WHAT YOU ARE ASKED TO DO: Reproduce the listing verbatim through the line with "montagne recouverte de".
= Beginning of Section =
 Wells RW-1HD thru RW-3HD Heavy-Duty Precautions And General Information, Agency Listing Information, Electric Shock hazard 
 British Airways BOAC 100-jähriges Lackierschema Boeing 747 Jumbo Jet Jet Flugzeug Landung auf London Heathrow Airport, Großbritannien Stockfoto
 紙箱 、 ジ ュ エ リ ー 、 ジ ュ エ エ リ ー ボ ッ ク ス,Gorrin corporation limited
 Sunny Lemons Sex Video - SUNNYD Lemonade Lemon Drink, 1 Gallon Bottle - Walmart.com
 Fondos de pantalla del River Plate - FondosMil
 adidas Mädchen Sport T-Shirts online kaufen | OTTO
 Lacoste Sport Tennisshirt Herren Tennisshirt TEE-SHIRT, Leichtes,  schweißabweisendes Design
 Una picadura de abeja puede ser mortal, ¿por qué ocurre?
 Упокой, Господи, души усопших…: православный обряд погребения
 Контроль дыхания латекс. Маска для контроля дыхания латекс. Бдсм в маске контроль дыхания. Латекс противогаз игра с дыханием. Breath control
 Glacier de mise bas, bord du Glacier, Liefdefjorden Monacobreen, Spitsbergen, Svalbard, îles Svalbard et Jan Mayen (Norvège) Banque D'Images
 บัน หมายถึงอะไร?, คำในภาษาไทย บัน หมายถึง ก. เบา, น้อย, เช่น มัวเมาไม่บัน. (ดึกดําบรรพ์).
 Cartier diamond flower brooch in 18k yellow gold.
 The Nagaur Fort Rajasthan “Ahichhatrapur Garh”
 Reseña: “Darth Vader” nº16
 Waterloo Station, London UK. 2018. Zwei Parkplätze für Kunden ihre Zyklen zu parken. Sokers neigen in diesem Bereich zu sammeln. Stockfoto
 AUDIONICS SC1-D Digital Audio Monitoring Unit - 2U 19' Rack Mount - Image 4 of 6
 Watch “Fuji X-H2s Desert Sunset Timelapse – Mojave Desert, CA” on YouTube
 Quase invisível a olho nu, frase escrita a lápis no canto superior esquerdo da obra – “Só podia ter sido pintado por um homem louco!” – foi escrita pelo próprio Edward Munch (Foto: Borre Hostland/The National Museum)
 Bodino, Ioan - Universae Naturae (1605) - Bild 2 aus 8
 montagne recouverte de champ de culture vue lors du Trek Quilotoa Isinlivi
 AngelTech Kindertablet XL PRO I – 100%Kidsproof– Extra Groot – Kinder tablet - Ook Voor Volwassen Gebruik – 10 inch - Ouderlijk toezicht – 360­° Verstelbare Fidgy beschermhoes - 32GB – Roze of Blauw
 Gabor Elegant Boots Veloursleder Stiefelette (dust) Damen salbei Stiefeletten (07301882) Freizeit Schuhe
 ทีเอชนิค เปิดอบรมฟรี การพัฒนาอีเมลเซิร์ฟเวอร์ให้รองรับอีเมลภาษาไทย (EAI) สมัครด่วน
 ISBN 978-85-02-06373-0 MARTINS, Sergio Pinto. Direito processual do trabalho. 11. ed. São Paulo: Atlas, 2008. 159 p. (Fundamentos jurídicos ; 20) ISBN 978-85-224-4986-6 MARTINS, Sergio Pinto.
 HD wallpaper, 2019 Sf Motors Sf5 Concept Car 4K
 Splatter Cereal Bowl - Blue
= End of Section =
RESPONSE:
 Wells RW-1HD thru RW-3HD Heavy-Duty Precautions And General Information, Agency Listing Information, Electric Shock hazard 
 British Airways BOAC 100-jähriges Lackierschema Boeing 747 Jumbo Jet Jet Flugzeug Landung auf London Heathrow Airport, Großbritannien Stockfoto
 紙箱 、 ジ ュ エ リ ー 、 ジ ュ エ エ リ ー ボ ッ ク ス,Gorrin corporation limited
 Sunny Lemons Sex Video - SUNNYD Lemonade Lemon Drink, 1 Gallon Bottle - Walmart.com
 Fondos de pantalla del River Plate - FondosMil
 adidas Mädchen Sport T-Shirts online kaufen | OTTO
 Lacoste Sport Tennisshirt Herren Tennisshirt TEE-SHIRT, Leichtes,  schweißabweisendes Design
 Una picadura de abeja puede ser mortal, ¿por qué ocurre?
 Упокой, Господи, души усопших…: православный обряд погребения
 Контроль дыхания латекс. Маска для контроля дыхания латекс. Бдсм в маске контроль дыхания. Латекс противогаз игра с дыханием. Breath control
 Glacier de mise bas, bord du Glacier, Liefdefjorden Monacobreen, Spitsbergen, Svalbard, îles Svalbard et Jan Mayen (Norvège) Banque D'Images
 บัน หมายถึงอะไร?, คำในภาษาไทย บัน หมายถึง ก. เบา, น้อย, เช่น มัวเมาไม่บัน. (ดึกดําบรรพ์).
 Cartier diamond flower brooch in 18k yellow gold.
 The Nagaur Fort Rajasthan “Ahichhatrapur Garh”
 Reseña: “Darth Vader” nº16
 Waterloo Station, London UK. 2018. Zwei Parkplätze für Kunden ihre Zyklen zu parken. Sokers neigen in diesem Bereich zu sammeln. Stockfoto
 AUDIONICS SC1-D Digital Audio Monitoring Unit - 2U 19' Rack Mount - Image 4 of 6
 Watch “Fuji X-H2s Desert Sunset Timelapse – Mojave Desert, CA” on YouTube
 Quase invisível a olho nu, frase escrita a lápis no canto superior esquerdo da obra – “Só podia ter sido pintado por um homem louco!” – foi escrita pelo próprio Edward Munch (Foto: Borre Hostland/The National Museum)
 Bodino, Ioan - Universae Naturae (1605) - Bild 2 aus 8
 montagne recouverte de champ de culture vue lors du Trek Quilotoa Isinlivi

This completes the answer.